=== Goal of the exercise ===
Reproduce exactly the lines of this material that begin at the line with "54755be23e47 kids converse" and end at the line with "HD Superhero Wallpapers (72+ Images", both included. Omit the pictures and everything else.

=== Listed records ===
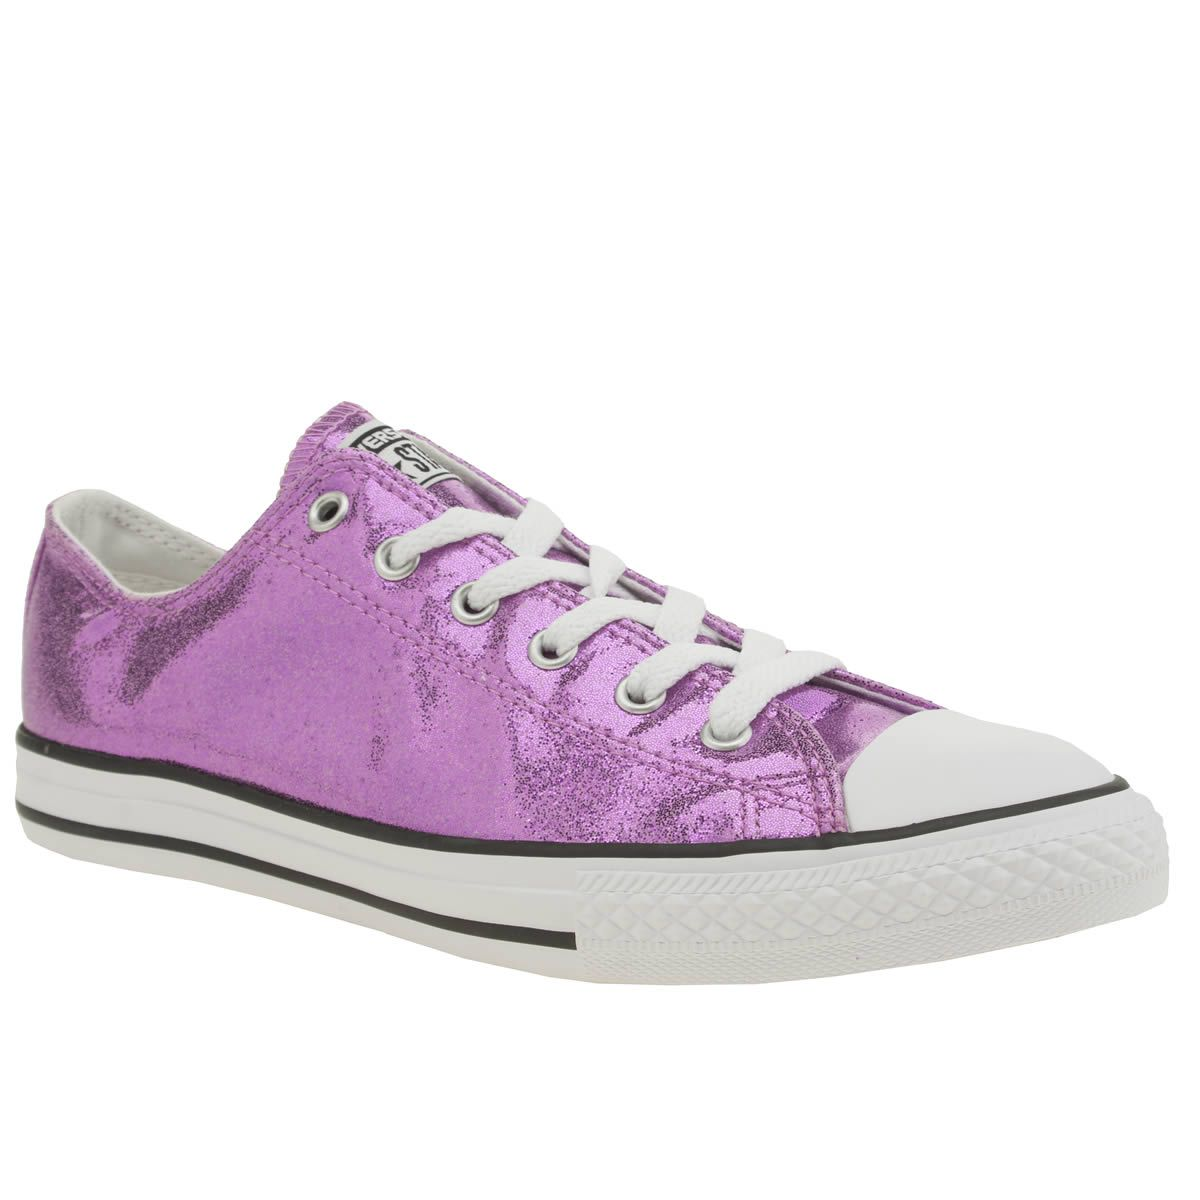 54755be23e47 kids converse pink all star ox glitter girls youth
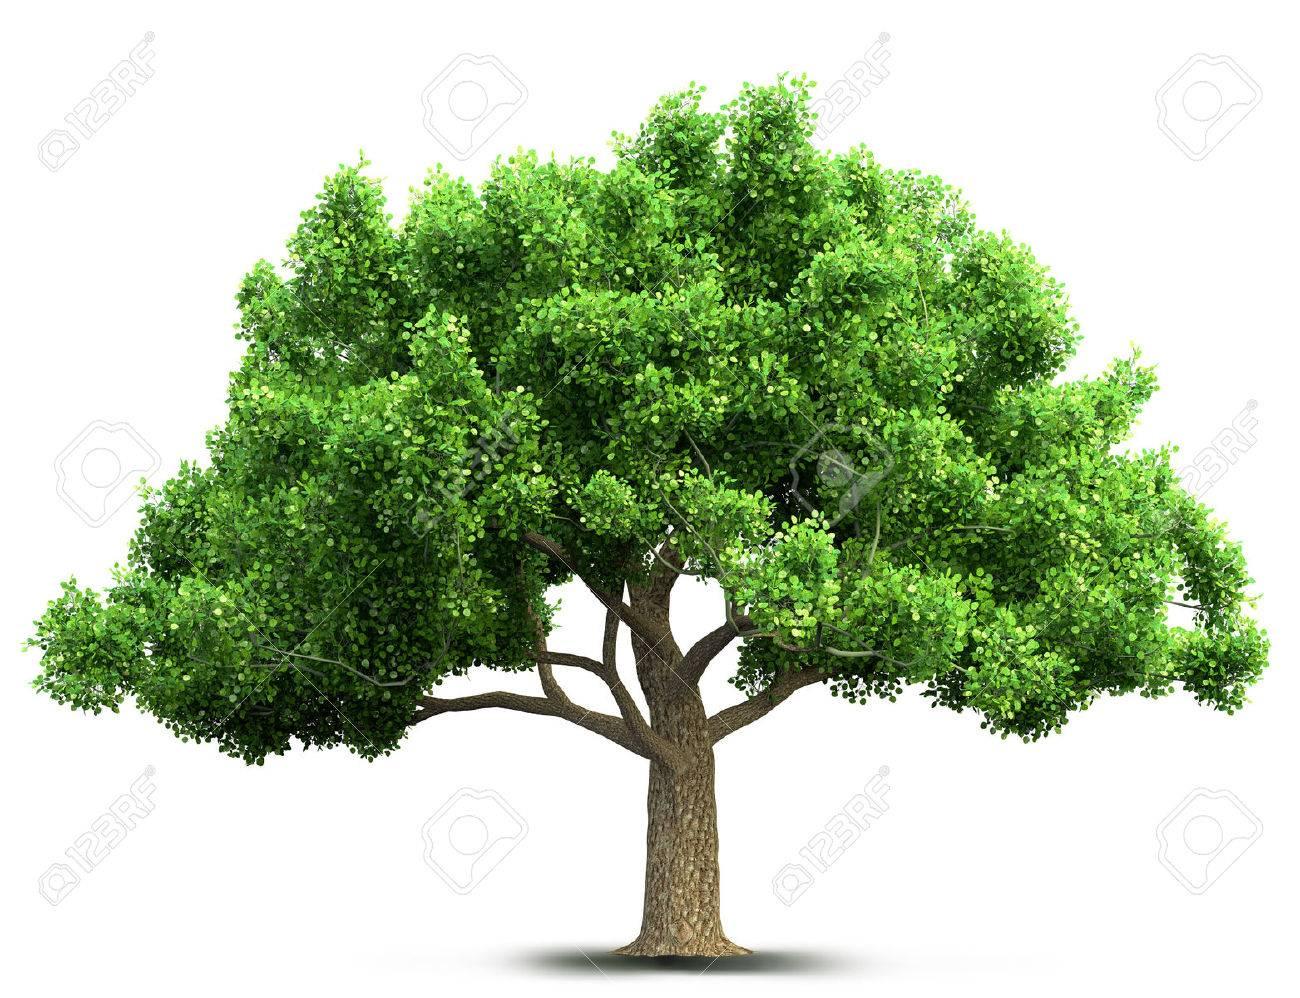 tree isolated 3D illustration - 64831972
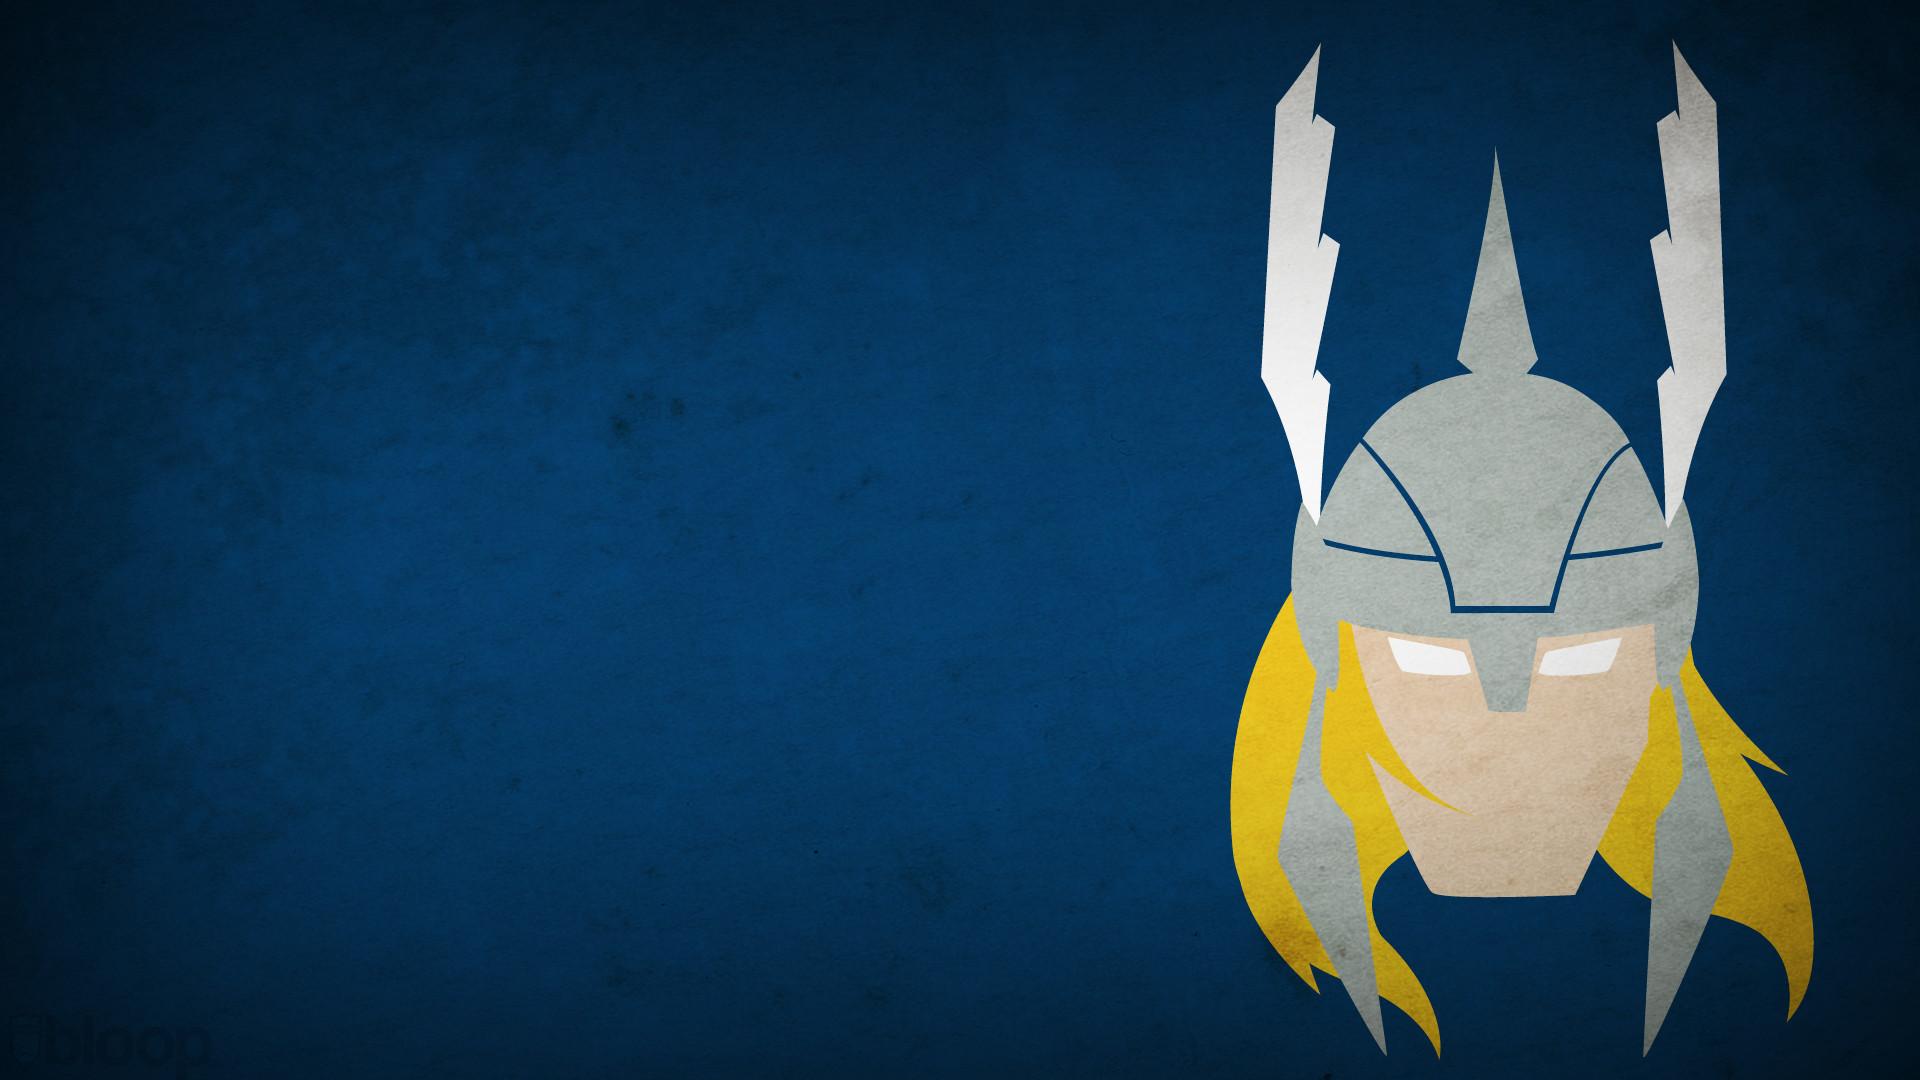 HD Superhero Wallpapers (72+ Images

==

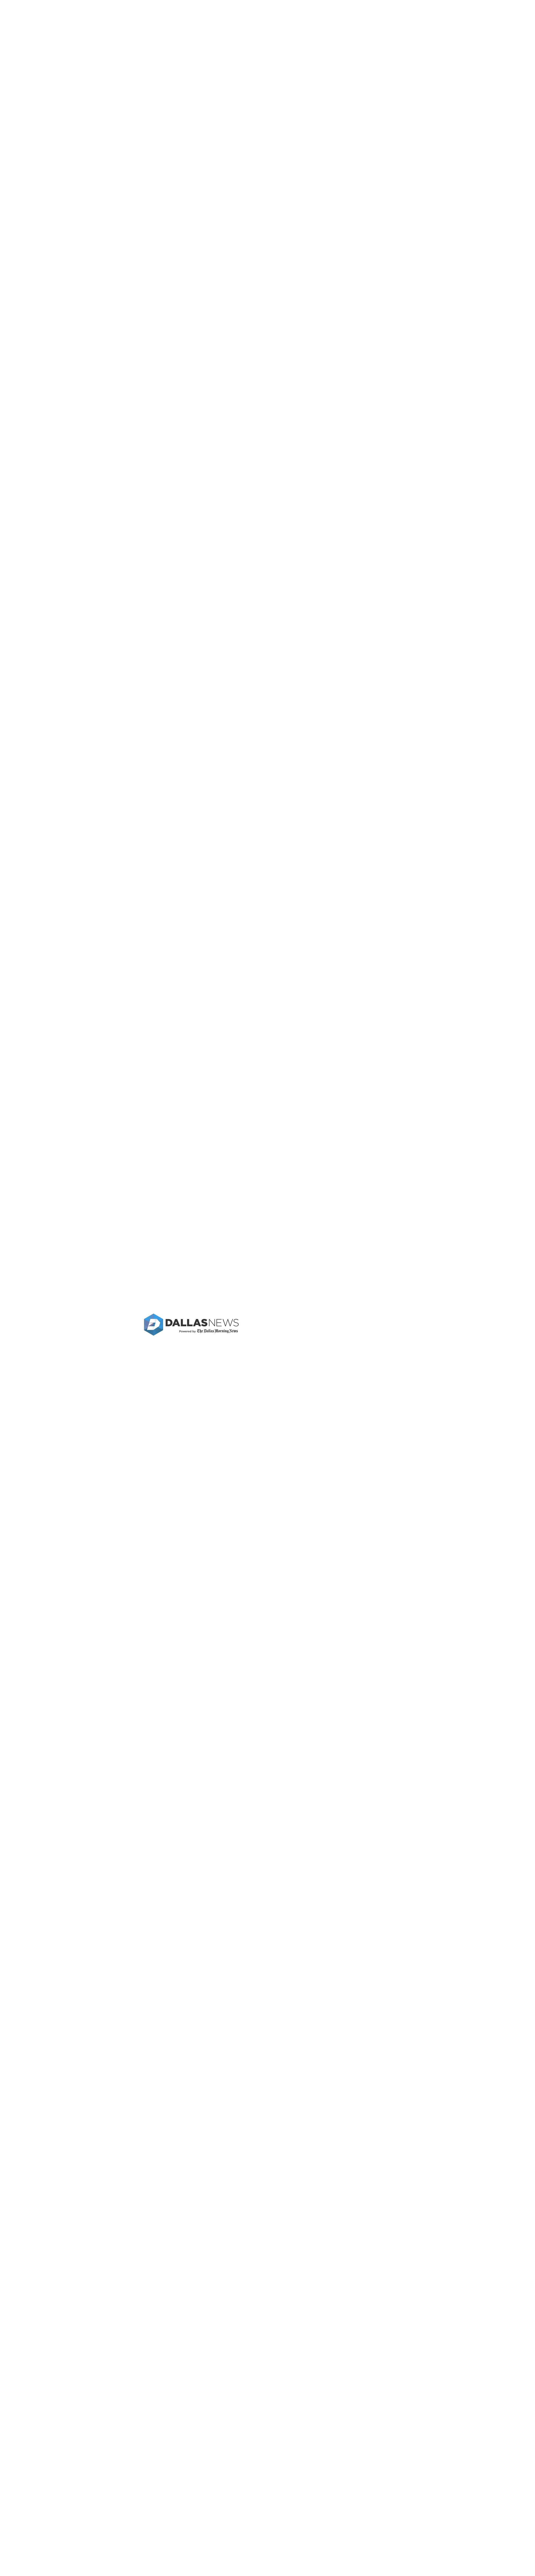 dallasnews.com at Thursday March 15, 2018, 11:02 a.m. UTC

=== Output of the task ===
 54755be23e47 kids converse pink all star ox glitter girls youth
 tree isolated 3D illustration - 64831972
 HD Superhero Wallpapers (72+ Images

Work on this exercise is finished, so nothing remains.